Hyena Operator Drop-In Implementation #20

CCranney · 2025-02-26T16:08:34Z

CCranney
Feb 26, 2025
Maintainer

There was a proposal made to replace the multi-head attention (MHA) blocks of transformers with a clever twist on convolution two years ago. It is called the Hyena Operator (see here for the paper, here for a Medium.com article explaining it, here for a pytorch implementation).

Like any algorithm trying to replace attention, it tries to replicate the positives of attention while avoiding or minimizing the drawbacks (context window length, primarily). I haven't found much on GitHub or general tutorials regarding this method, but the recent Evo2 paper (see here) relies heavily on this concept, utilizing a multi-hybrid architecture called StripedHyena 2 (see here).

Because it has been advertised as a "drop-in" replacement for MHA, I thought it may be a good idea to implement for AttentionSmithy. Future developments could expand to include the short, medium and long variations described in the StripedHyena 2 paper.

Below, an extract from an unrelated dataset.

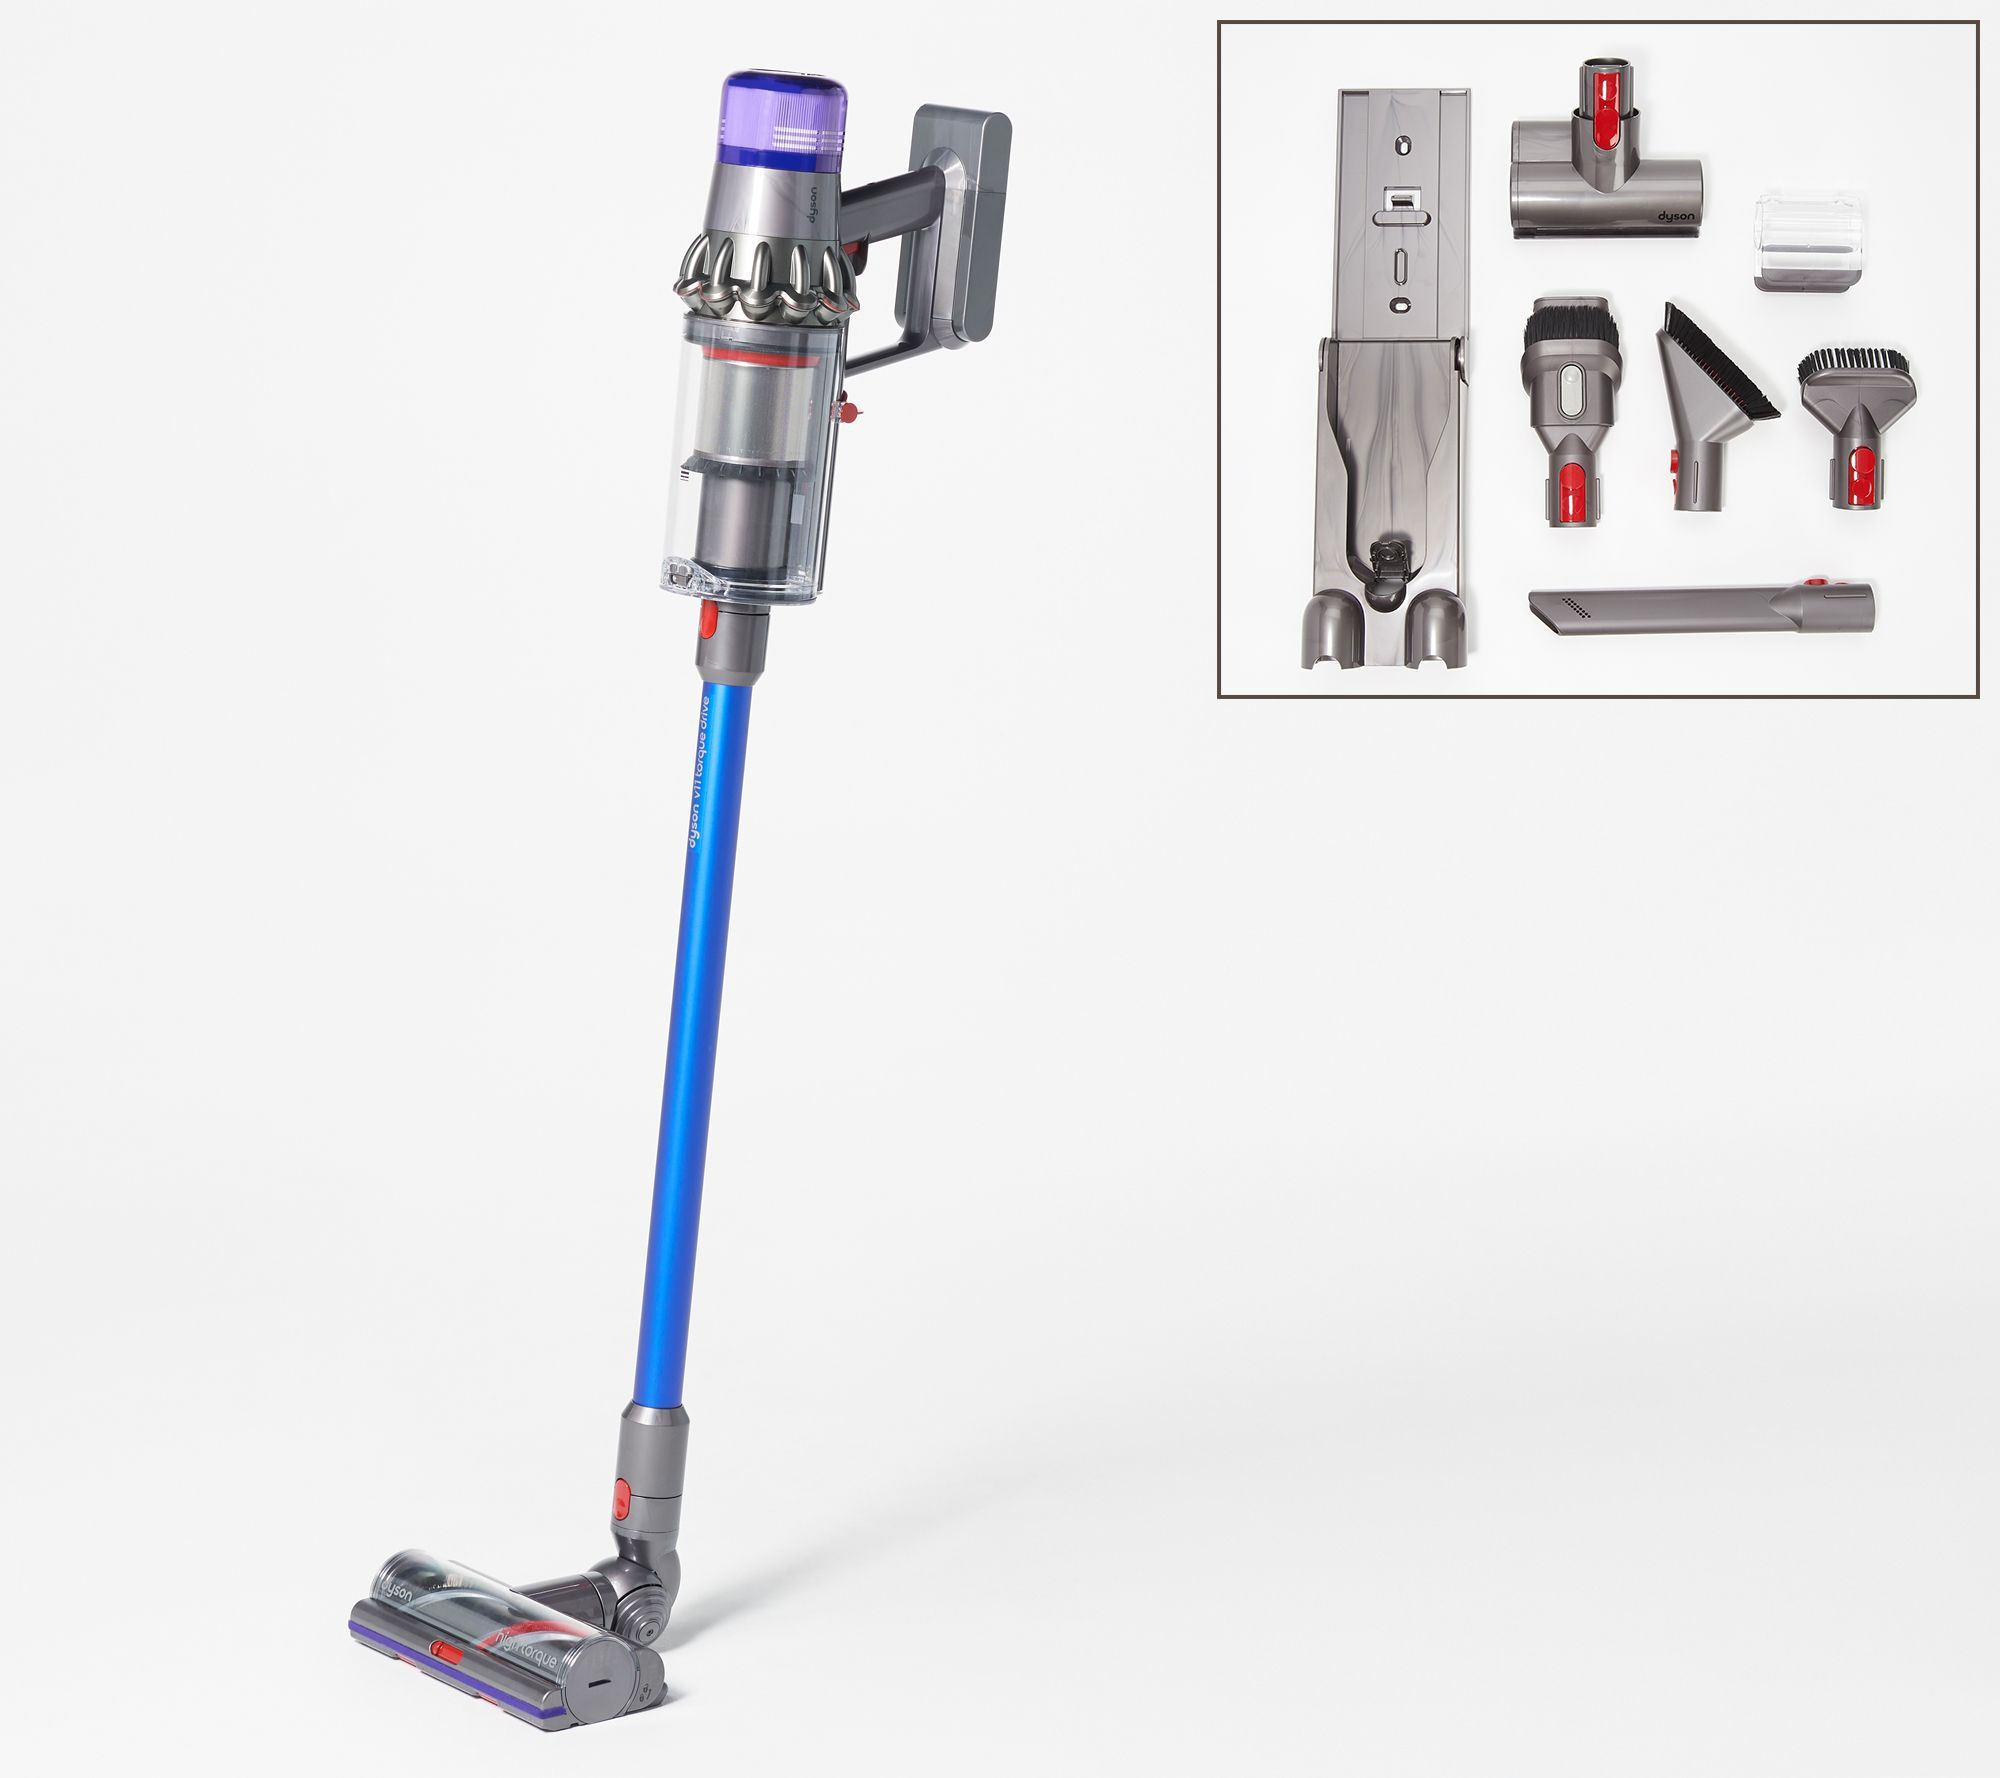 Dyson V11 Torque Drive Cordfree Vacuum with 5 Tools — QVC

CCranney · 2025-02-26T16:14:18Z

CCranney
Feb 26, 2025
Maintainer Author

In trying to understand how the Hyena Operator works, I had a fair amount of back-and-forth with ChatGPT as I read the paper. I had it make a class for the Hyena Operator while doing so, as coding is my native computational comprehension language. There are many errors in this code that were discovered while going through it piece-by-piece, but overall it was a good study aide. I'm including that code here for future reference.

import torch
import torch.nn as nn
import torch.nn.functional as F
from einops import rearrange


class HyenaOperator(nn.Module):
    """
    Implements the Hyena sequence model, replacing attention with implicit long convolutions.
    """

    def __init__(self, embedding_dim, recurrence_depth=2, filter_width=64, dropout=0.0):
        super().__init__()
        self.embedding_dim = embedding_dim
        self.recurrence_depth = recurrence_depth
        expanded_dim = embedding_dim * (recurrence_depth + 1)

        self.input_projection = nn.Linear(embedding_dim, expanded_dim)
        self.output_projection = nn.Linear(embedding_dim, embedding_dim)

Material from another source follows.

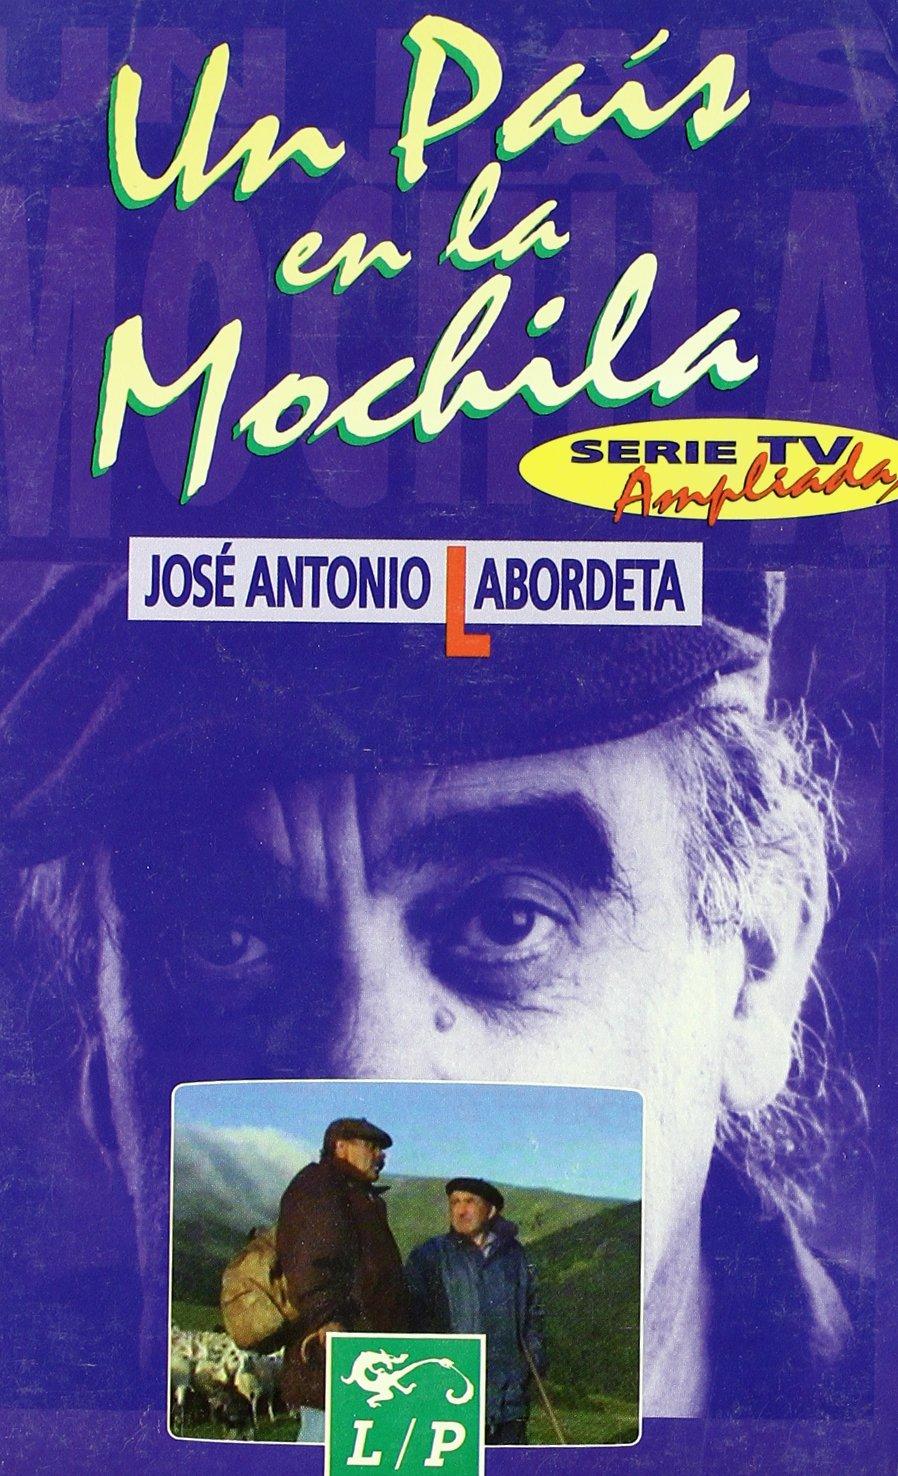 Un país en la mochila (Serie TV ampliada) (Spanish Edition) (Spanish) Paperback – 1995

        self.short_range_convolution = nn.Conv1d(
            in_channels=expanded_dim,
            out_channels=expanded_dim,
            kernel_size=3,
            padding=2,
            groups=expanded_dim
        )

        self.filter_generator = HyenaFilter(
            output_channels=embedding_dim * (recurrence_depth - 1),
            filter_width=filter_width,
        )

        self.dropout = nn.Dropout(dropout)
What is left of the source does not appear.